6. Corrosion and Surface Protection
- Stainless grades:
- Use PREN for evaluating pitting resistance when Mo and N vary:
$$\text{PREN} = \text{Cr} + 3.3 \times \text{Mo} + 16 \times \text{N}$$
For 304 and 321, Mo and N are low, so PREN values are modest and both are not highly pitting-resistant compared with Mo-bearing duplex or superaustenitic grades. - General corrosion: Both grades exhibit excellent resistance to general aqueous corrosion at ambient temperatures owing to their chromium content.

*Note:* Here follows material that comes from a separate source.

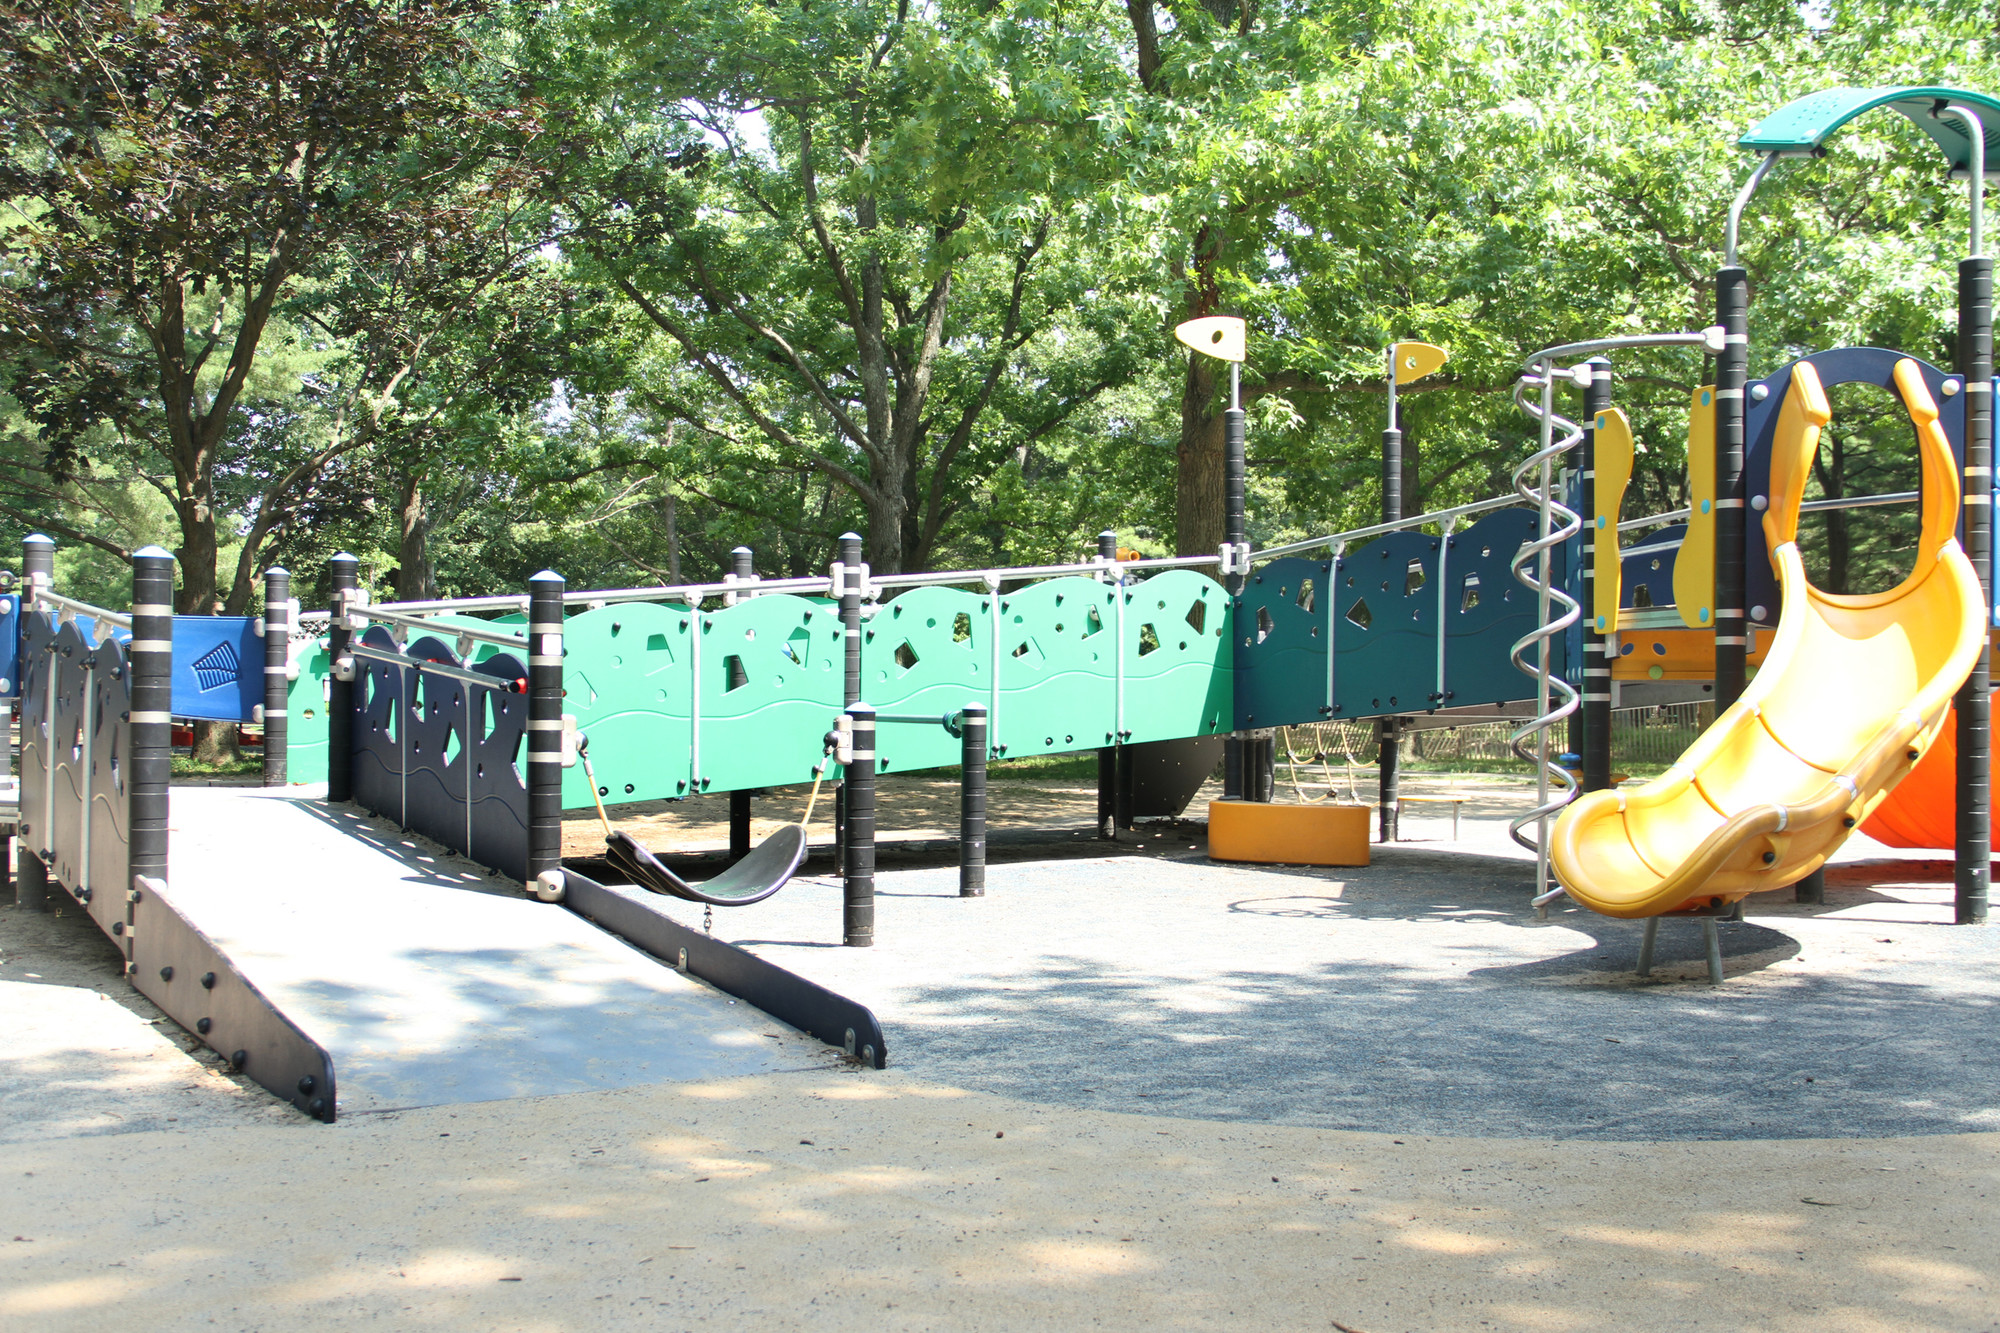 The playground features customized equipment that accommodates children who have special needs.
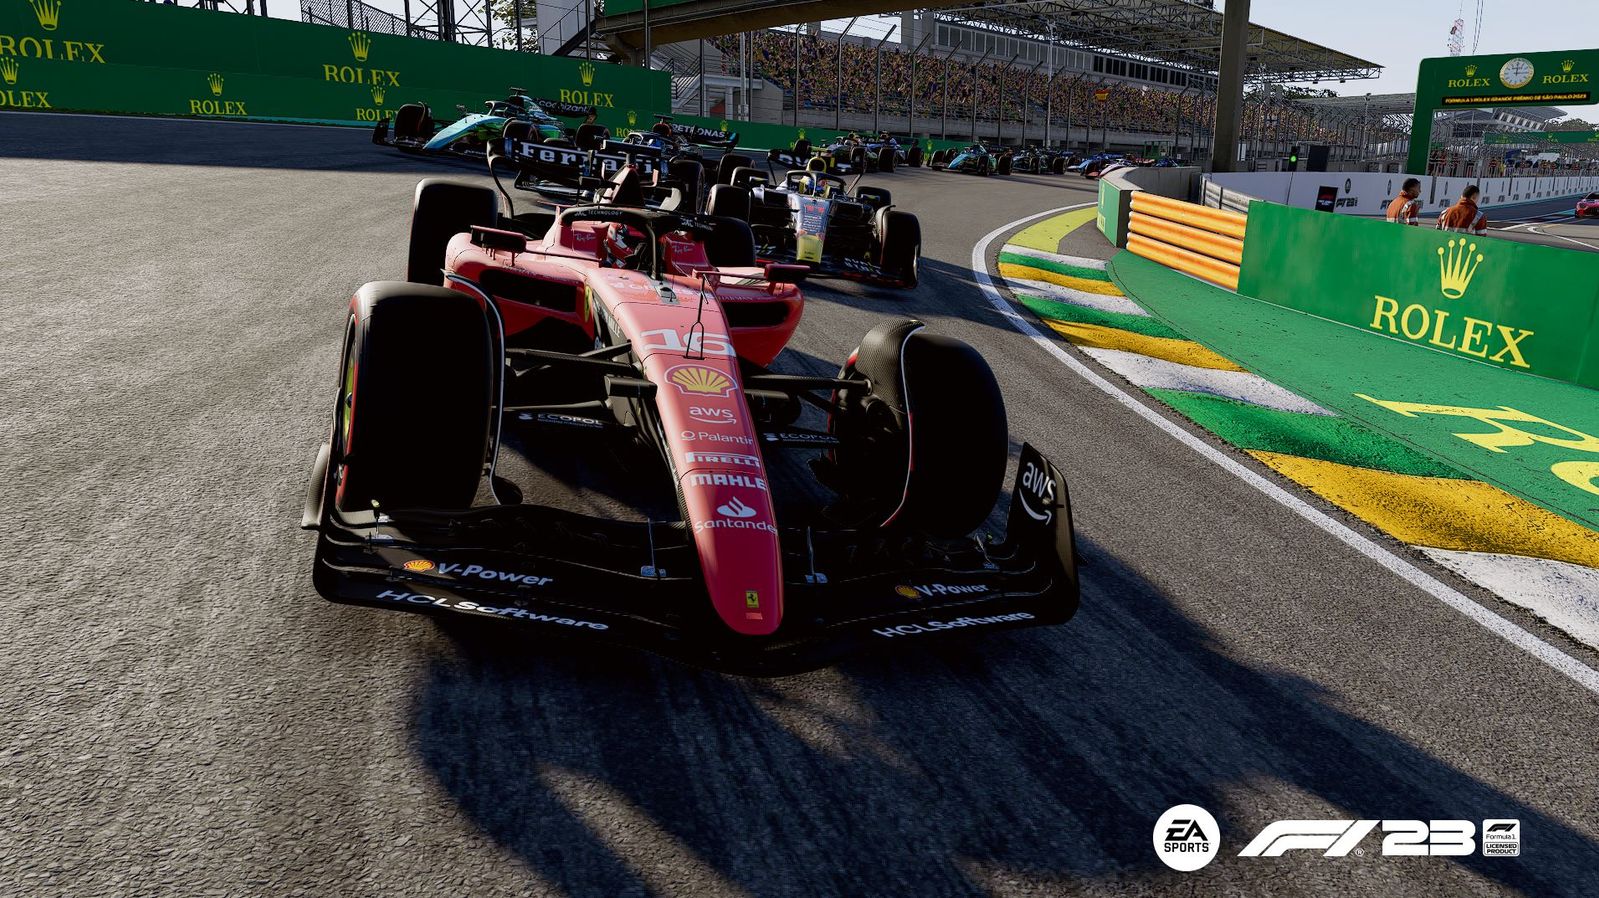 F1 23 update 1.08 patch notes

- Intergranular corrosion: 304 can be vulnerable after exposure to sensitization temperatures; 321 is stabilized to reduce this risk.
- Non-stainless steels:
- Not applicable here; common non-stainless surface protection methods (galvanizing, painting) are irrelevant for 304/321 intended to provide corrosion resistance by composition.
- When stainless is insufficient:
- For chloride-polluted environments or where pitting is a concern, consider Mo-bearing grades (e.g., 316) or duplex/superaustenitic alloys.
7. Fabrication, Machinability, and Formability
- Machinability:
- Austenitic stainless steels are generally more difficult to machine than carbon steels due to high work hardening and low thermal conductivity.
- 304 and 321 have comparable machinability; specialized tooling, slower speeds, and heavier feeds are typical.
- Formability:
- Excellent ductility and formability in the annealed condition allow deep drawing and complex forming for both grades.
- Springback and work hardening are greater than for mild steel; plan forming allowances and intermediate anneals for severe deformation.
- Surface finishing:
- Both take standard finishes (polish, passivation, electropolish) well. Passivation with nitric or citric acid is commonly used to restore surface chromium oxide after fabrication.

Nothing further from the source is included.